James Ellis Colliander (born 22 June 1967) is an American-Canadian mathematician. He is currently Professor of Mathematics at University of British Columbia and served as Director of the Pacific Institute for the Mathematical Sciences (PIMS) during 2016-2021. He was born in El Paso, Texas, and lived there until age 8 and then moved to Hastings, Minnesota. He graduated from Macalester College in 1989. He worked for two years at the United States Naval Research Laboratory on fiber optic sensors and then went to graduate school to study mathematics. He received his PhD from the University of Illinois at Urbana–Champaign in 1997 and was advised by Jean Bourgain. Colliander was a postdoctoral fellow at the University of California, Berkeley and spent semesters at the University of Chicago, the Institute for Advanced Study and the Mathematical Sciences Research Institute.

==Research==
Colliander's research mostly addresses dynamical aspects of solutions of Hamiltonian partial differential equations, especially non-linear Schrödinger equation.

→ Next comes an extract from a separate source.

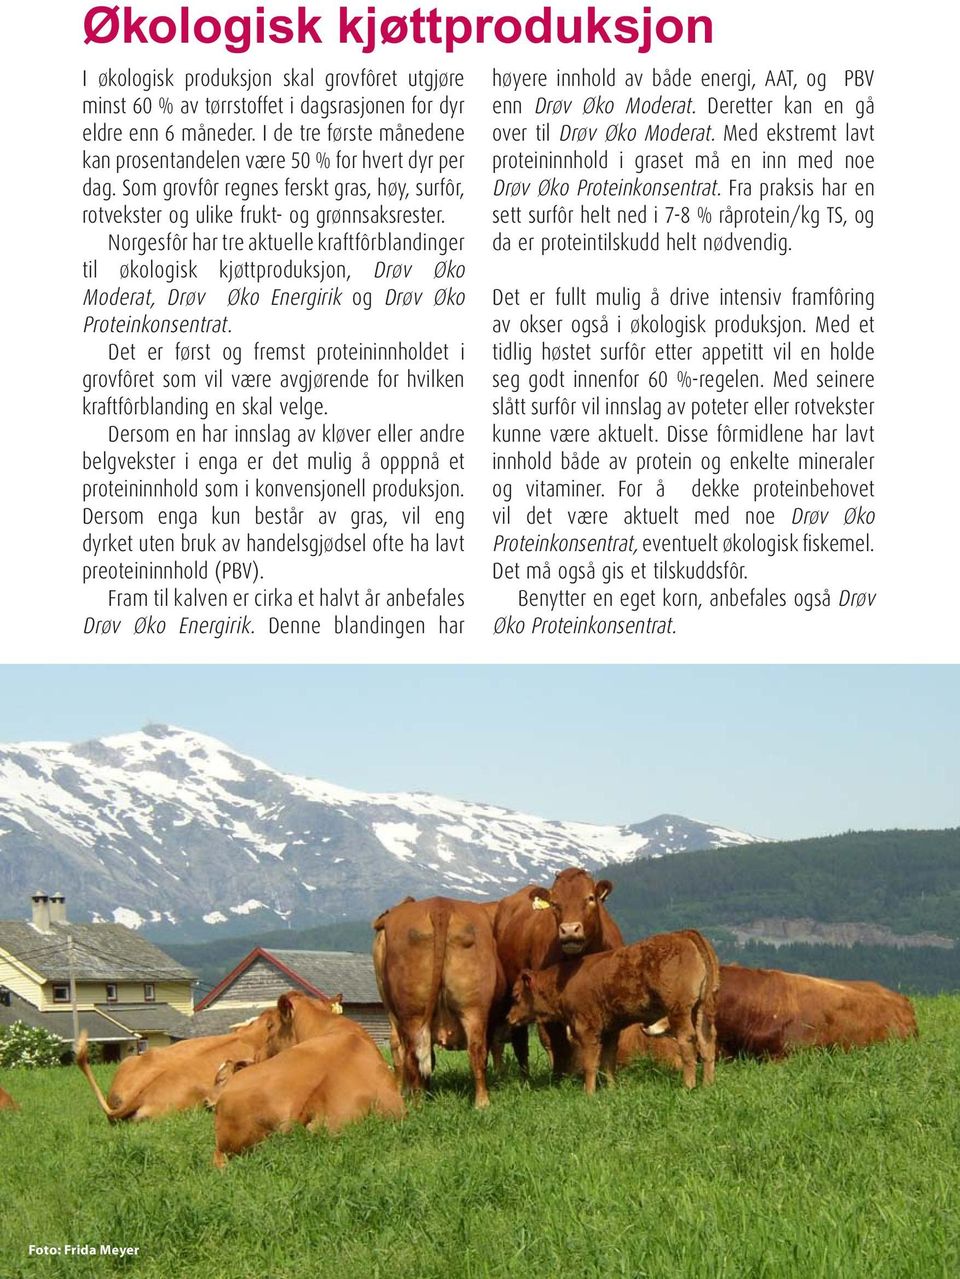 Norgesfôr har tre aktuelle kraftfôrblandinger til økologisk kjøttproduksjon, Drøv Øko Moderat, Drøv Øko Energirik og Drøv Øko Proteinkonsentrat.

Colliander is a collaborator with Markus Keel, Gigliola Staffilani, Hideo Takaoka, and Terence Tao, forming a group known as the "I-team". The name of this group has been said to come from a mollification operator used in the team's method of almost conserved quantities, or as an abbreviation for "interaction", referring both to the teamwork of the group and to the interactions of light waves with each other. The group's work was featured in the 2006 Fields Medal citations for group member Tao.

==Organization creation==

Colliander is co-founder of the education technology company called Crowdmark.

Colliander, with colleagues from PIMS, created Syzygy, a project that provides interactive computing for students and teachers at universities across Canada. Syzygy operates on infrastructure provided by Compute Canada.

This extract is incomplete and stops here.